Spanish publishing house Acantilado has been the first international publisher to acquire translation rights of the new novel by one of the most acclaimed and successful contemporary Hungarian writers, György Spiró.
The deal was made on behalf of Magveto Publishing House (Hungary).
“It’s not a bad idea for a man to get admitted to hospital a couple of days before a revolution breaks out, stay in until it’s been quashed and recuperate quietly at home during the ensuing purge.” These are the opening lines of György Spiró’s latest novel, Spring Collection, that presents the reader with a shocking picture of the 56 Hungarian Revolution.
The main protagonist is an engineer by the name of Gyula Fátray who, like so many other qualified professionals at that time, is trying to get along first as a simple worker before the Second World War, and after it as a communist party member, an idealist, and leader of planning in a newly founded factory. Just days before mass protests begin in October, he is admitted to hospital for for surgery. He returns home after the fighting to be faced by a Soviet-occupied Budapest.

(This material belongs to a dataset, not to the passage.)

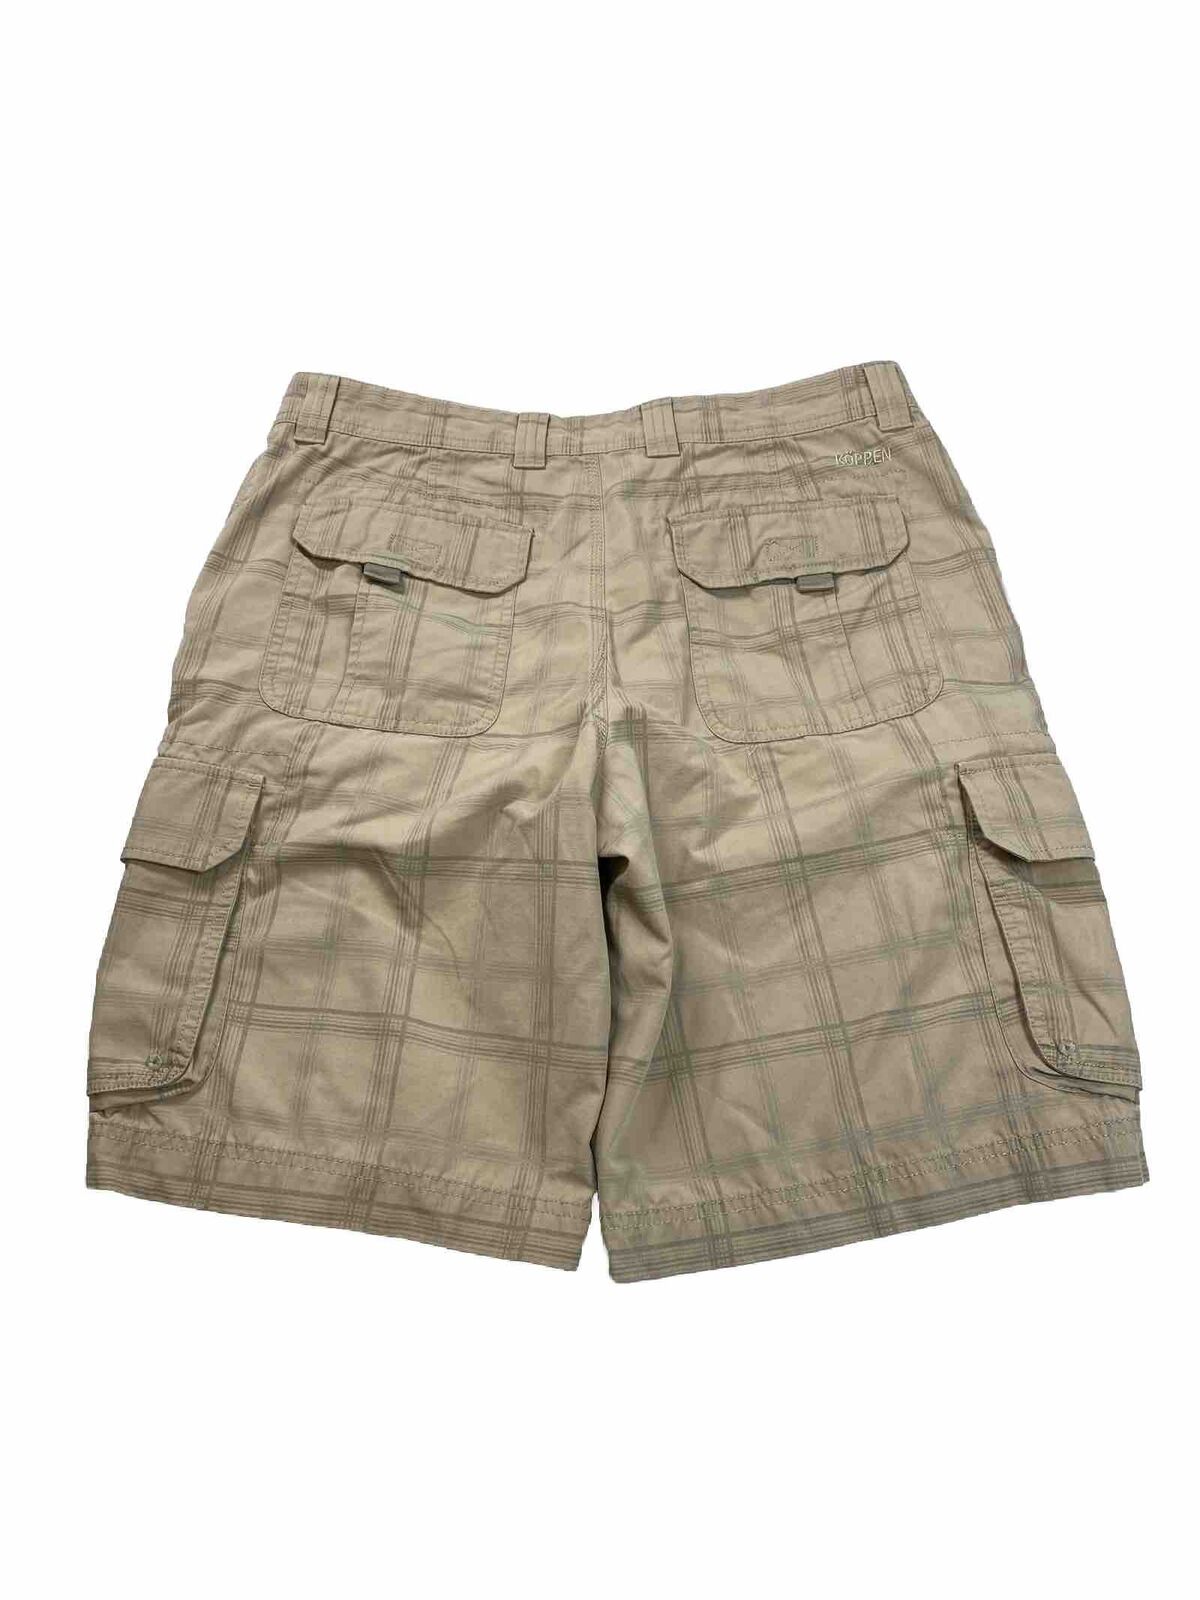 Koppen Men's Beige Plaid Cotton Blend Cargo Shorts - 36

This novel commemorates the unbearably absurd machinations of the dictatorial regime in which not even those innocent could feel safe. When Gyula’s name appears in a newspaper article alongside some conspirators against the state, he finds himself ostracised by his best friends and closest colleagues virtually overnight. It no longer seems to matter that he was in hospital for the duration of the revolution and that the charges are false. Just as in Kafka’s Trial, history marches mercilessly towards an excruciating outcome.
Gyula’s situation is made all the more difficult by the fact that his wife, Kati, a tough communist, seems not to understand a thing because she is so wrapped up in herself and her role in organising an art installation known as the Spring Collection. The novel recalls the purges that came after 56 with touching authenticity.